Faraday’s lack of formal education resulted in a sub-par understanding of mathematics, which sometimes hampered his work. In 1846, he hypothesized that light itself is an electromagnetic phenomenon, but because Faraday couldn't demonstrate the theory in mathematical form, it wasn't taken seriously. In 1864, physicist James Clerk Maxwell published equations [PDF] that helped prove Faraday's theory.

9. Michael Faraday might have suffered from mercury poisoning.

Faraday's memory started faltering when he was 48. He experienced vertigo and other neurological symptoms, but the cause was a mystery. Following a three-year hiatus, he returned to the Royal Institution, where he experimented in his laboratory until his early 70s.
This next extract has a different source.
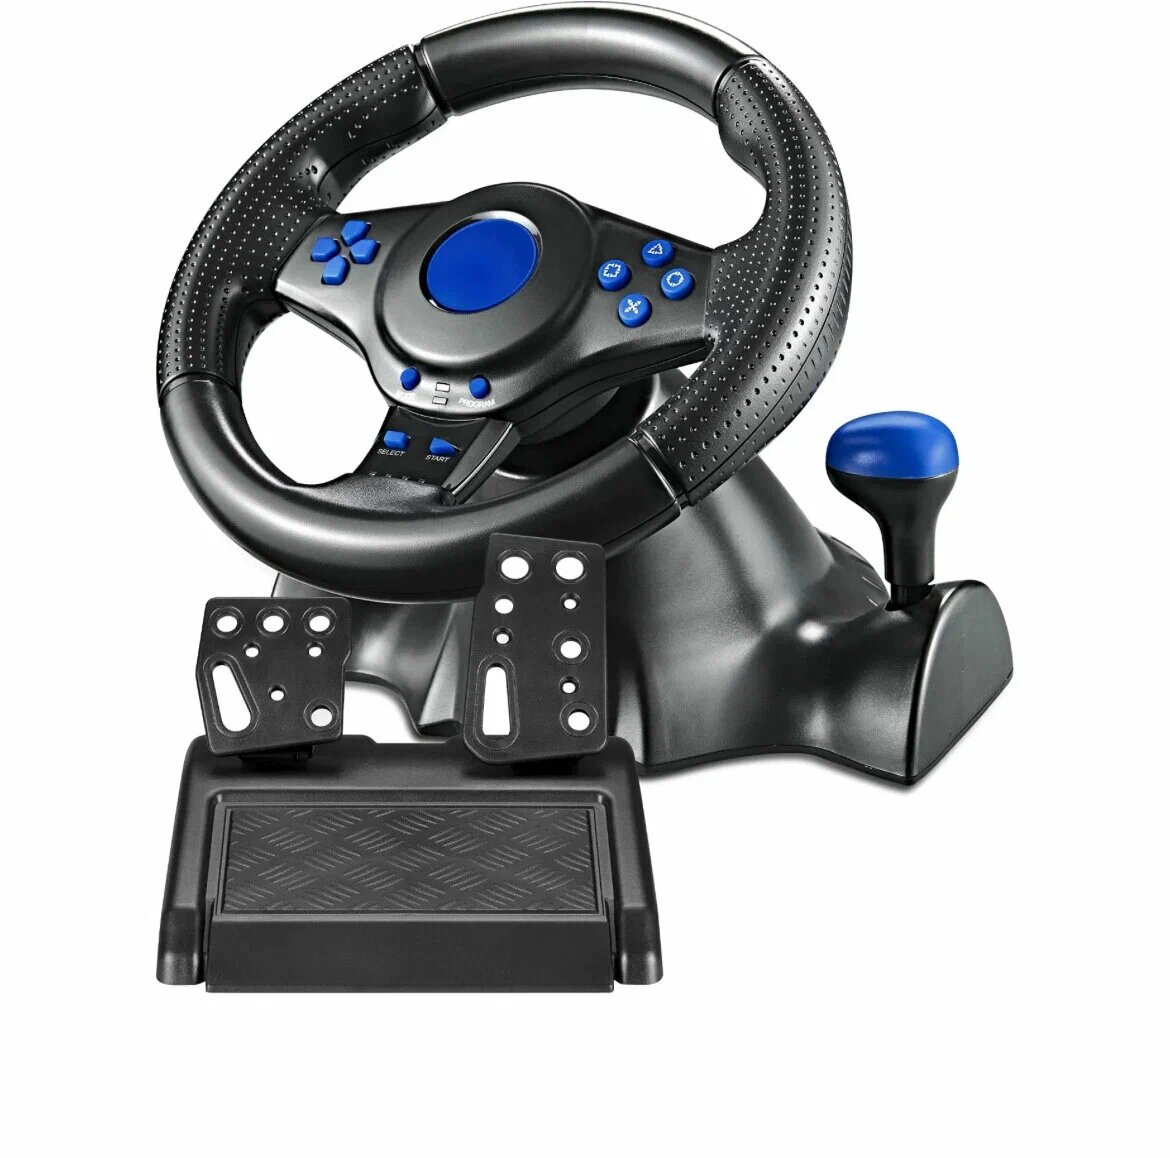 Игровой руль GT-V 7 для компьютера  ПК Xbox One PS4 PS3 Android / Гоночный симулятор вождения с педалями и рулём

Faraday still had inexplicable spurts of giddiness, depression, and extreme forgetfulness. “[My] bad memory,” he wrote, “both loses recent things and sometimes suggests old ones as new.” Nobody knows what caused the syndrome, though some believe his exposure to mercury was the source.

10. Albert Einstein kept a portrait of Michael Faraday in his home..

Einstein regarded Faraday as a personal hero. When he received a book about Faraday, Einstein once remarked, “This man loved mysterious Nature as a lover loves his distant beloved.”

A version of this story originally ran in 2018; it has been updated for 2021.